Soweit der Plot von Das wandelnde Schloss, einem Anime-Film des Studios Ghibli von Hayao Miyazaki. Aufmerksamen Blogleserinnen mag dieser entfernt bekannt vorkommen. In der Tat entspricht er in wesentlichen Elementen demjenigen von Chihiros Reise ins Zauberland. Beide spielen an einem magischen, von Geistern und Mischwesen bevölkerten Ort, und in beiden ist es ein Mädchen oder eine junge Frau, die den Widrigkeiten, Animositäten und Kämpfen trotzt und durch Rückgrat und Integrität nicht nur ihre eigene, sondern auch die Befreiung anderer von bösem Zauber erreicht.

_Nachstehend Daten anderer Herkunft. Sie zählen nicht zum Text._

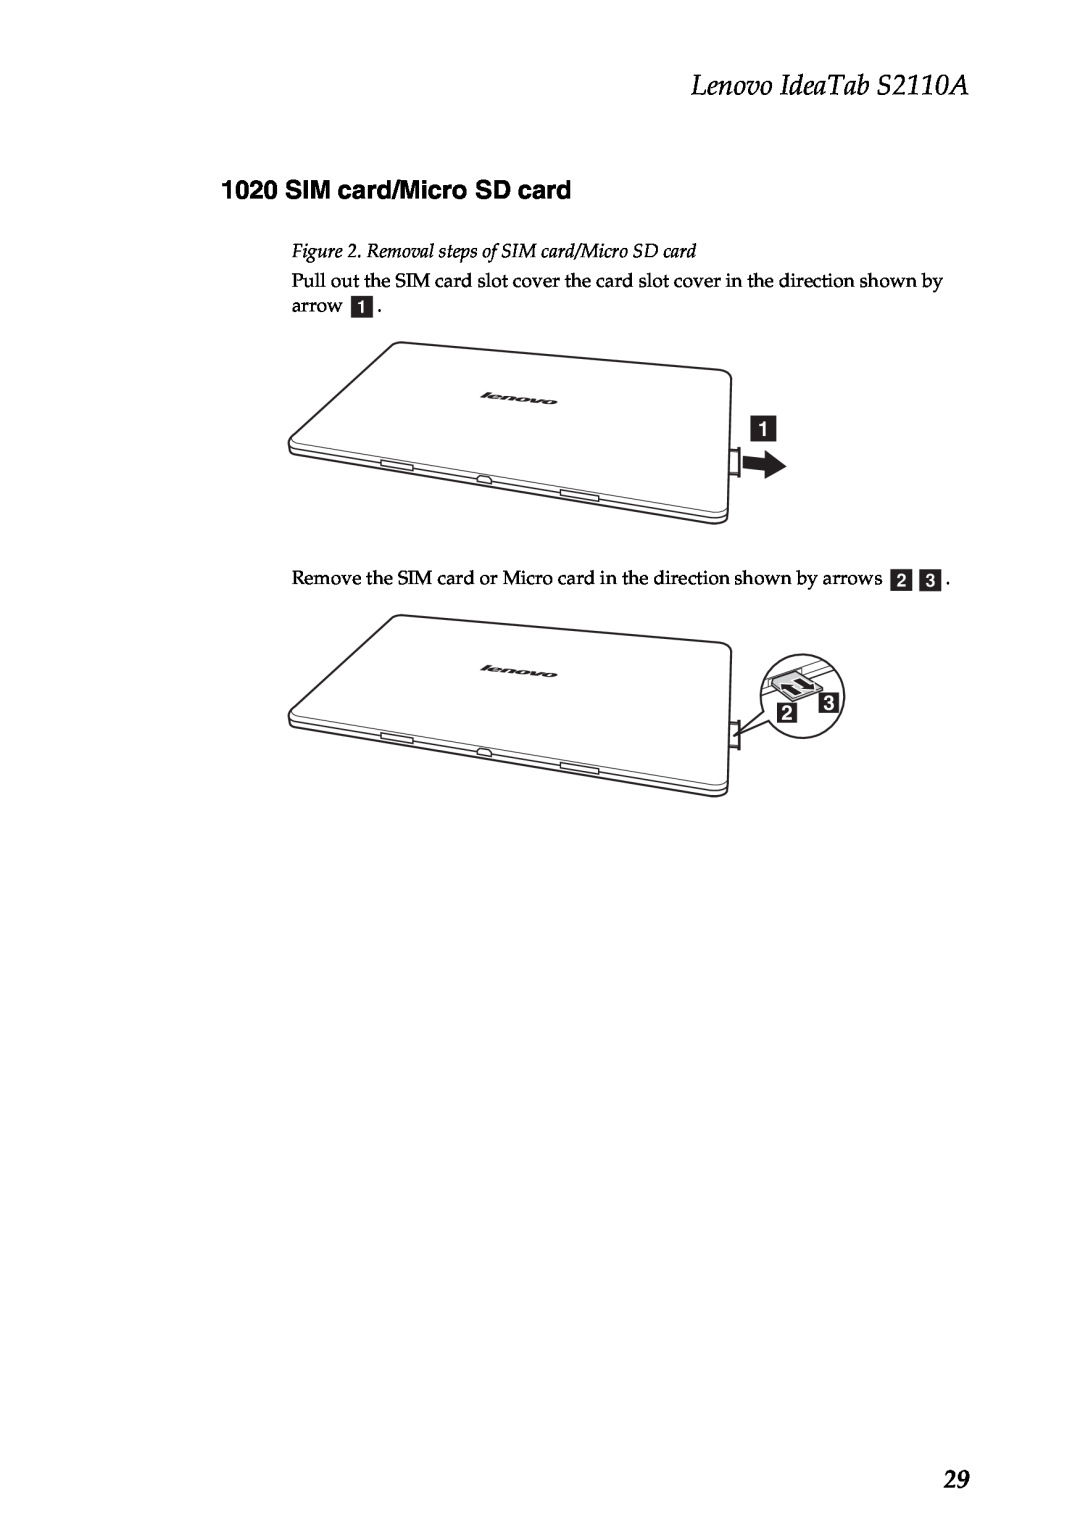 Lenovo manual Lenovo IdeaTab S2110A, Removal steps of SIM card/Micro SD card 
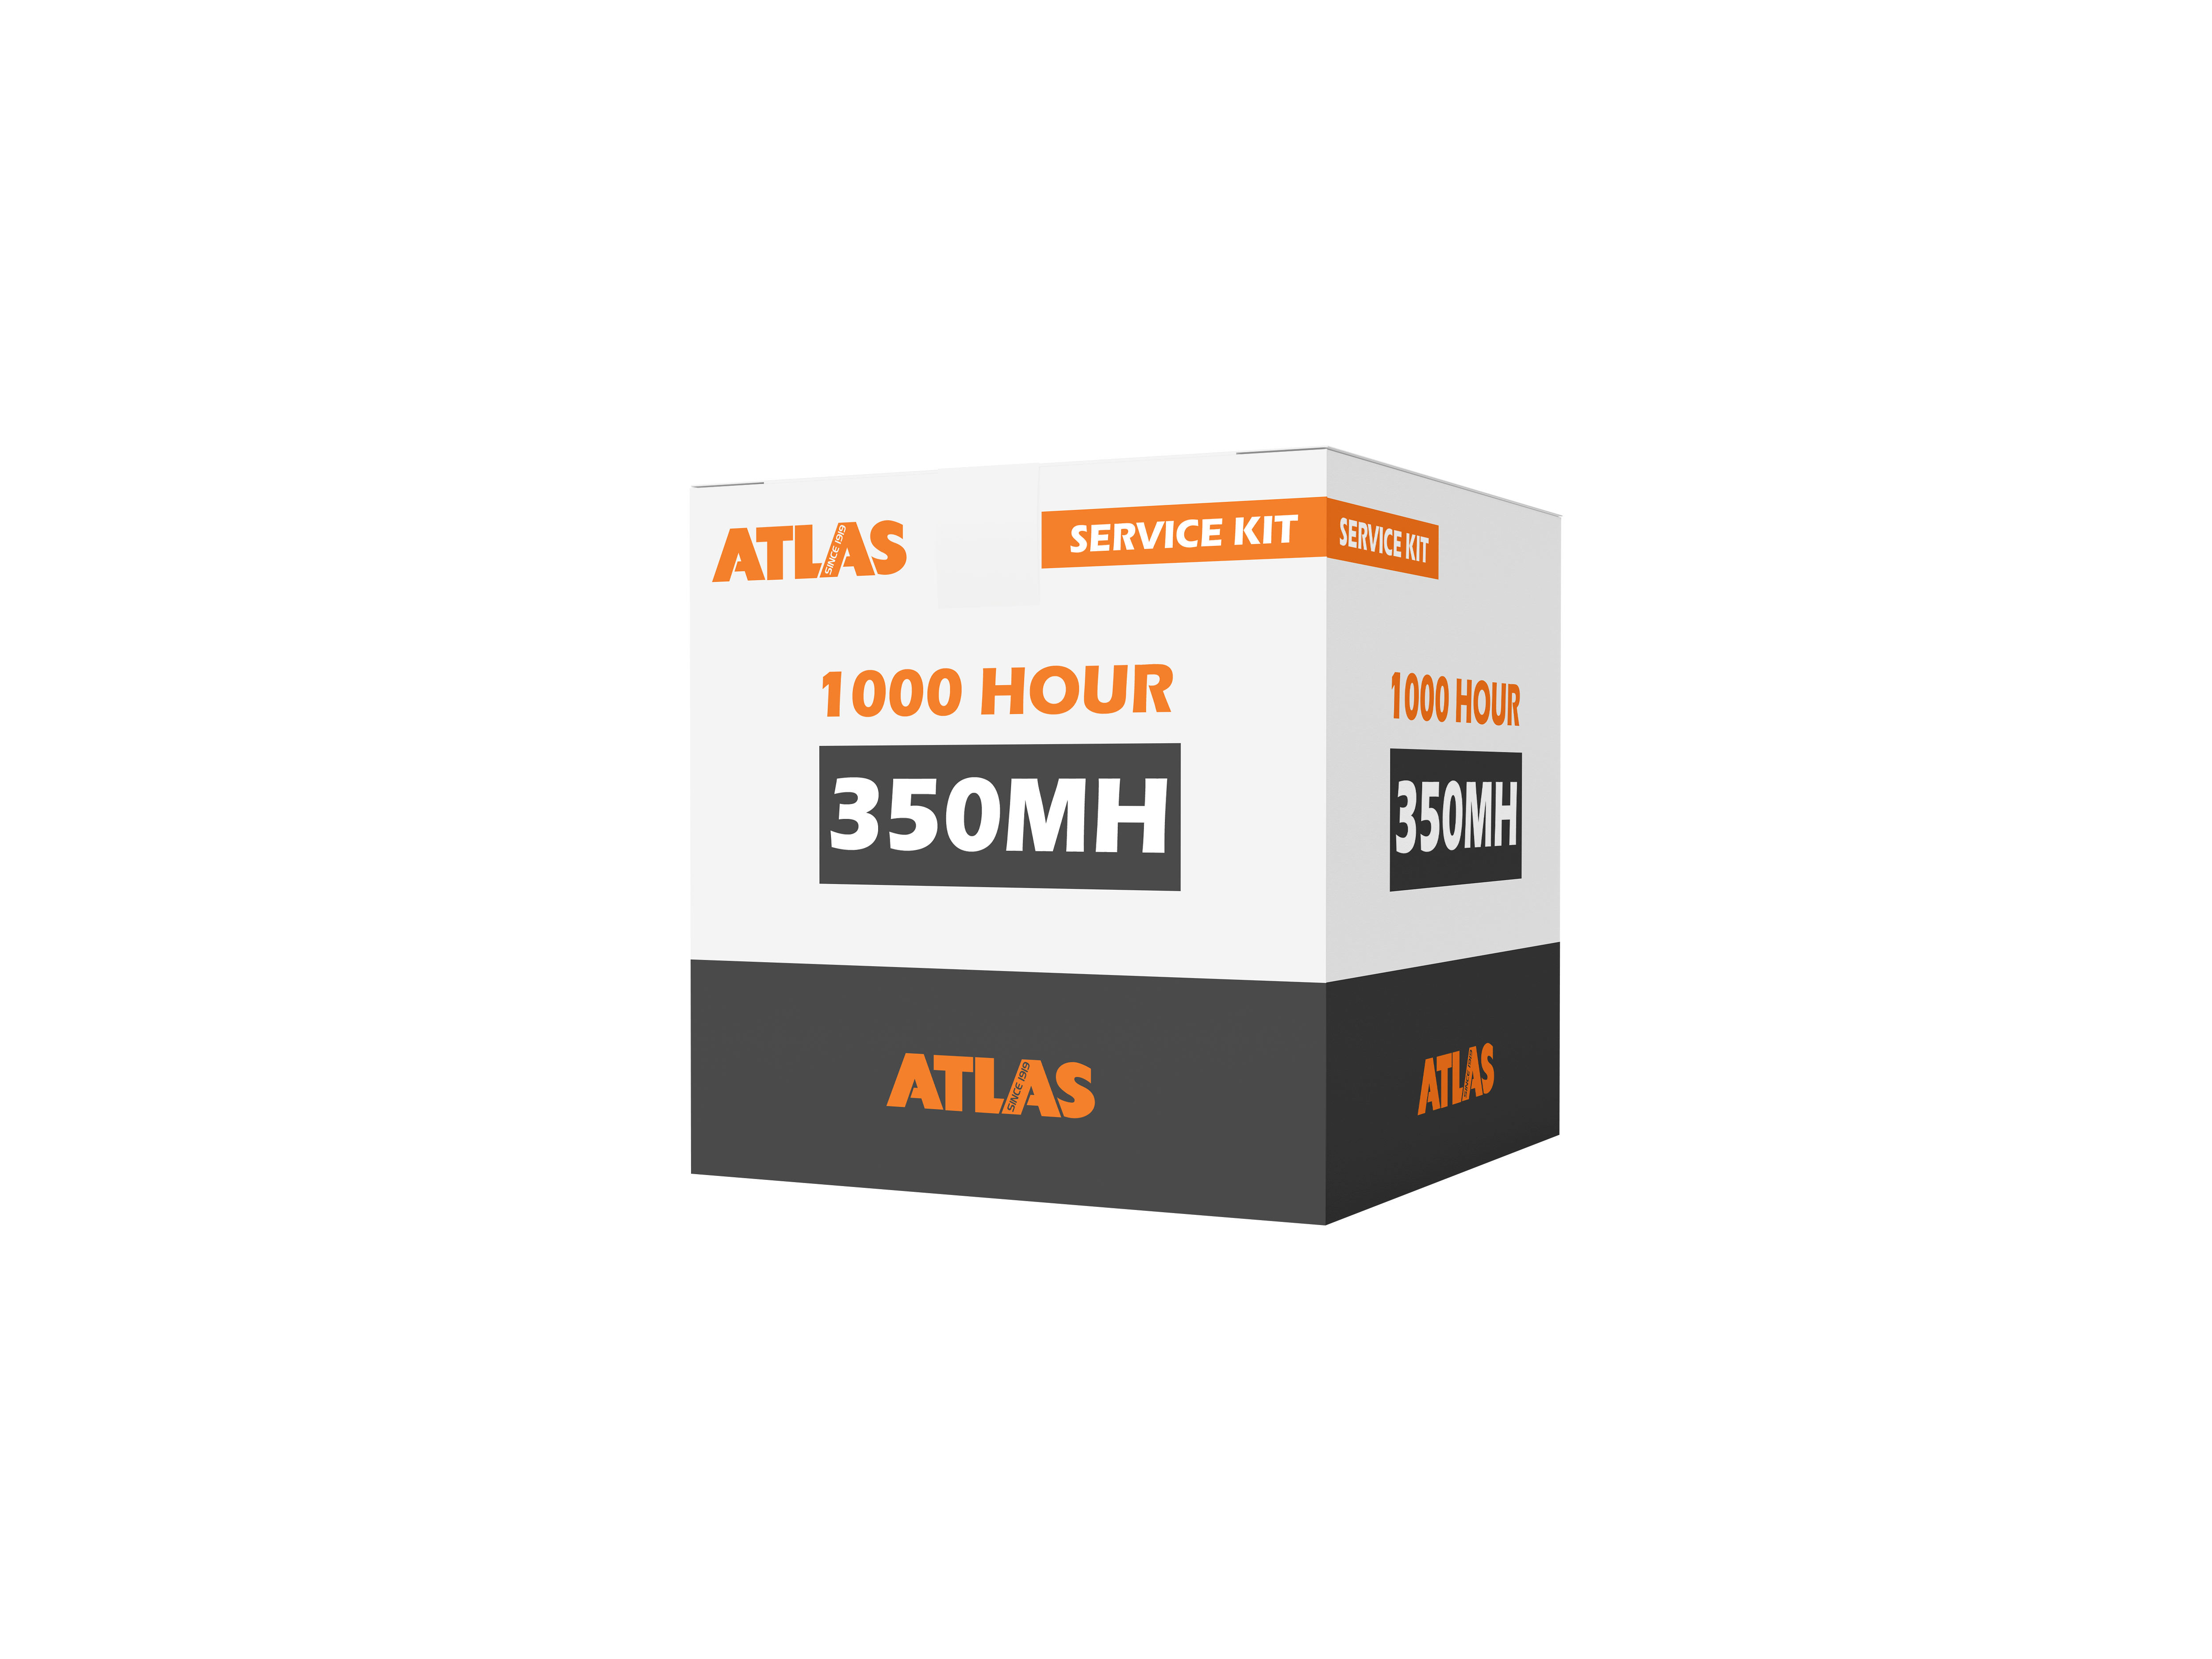 Atlas 350MH 1000 Hour Service Kit (352 series)

Spielte Chihiro in einem von der japanischen Mythologie geprägtem Fantasieuniversum, so ist die Welt des wandelnden Schlosses uns Westlern durch ihre Anleihen beim Elsass und beim Ersten Weltkrieg weniger kryptisch. Beiden Filmen gemeinsam sind die Absenz von Schwarzweissmalerei, die Vielschichtigkeit der Figuren, das Katz-und-Maus-Spiel mit unseren Erwartungen und das visuelle Vergnügen, das die opulenten, unglaublich kreativen Bilder bereiten.


Technisches: Das wandelnde Schloss ist in verschiedenen Editionen auf DVD erhältlich. Die Vorlage, übrigens, ist das Kinderbuch Howl's Moving Castle von Diana Wynne Jones.

Freitag, 1. Mai 2009

Zweites Kerzchen

Der zweite Geburtstag von Phemios Aoidos ist in eine Woche mit relativ gedrängter Offline-Aktivität gefallen und wird deshalb erst heute auf gewohnt bescheidene Weise nachgefeiert: mit einer leichten Anpassung der Labels sowie einer Lizenzänderung auf CC-BY. Darüber hinaus will ich hier gar nicht viel sagen, sondern widme mich lieber wieder meiner Artikelpipeline. Bis bald, und weiterhin gute Lektüre!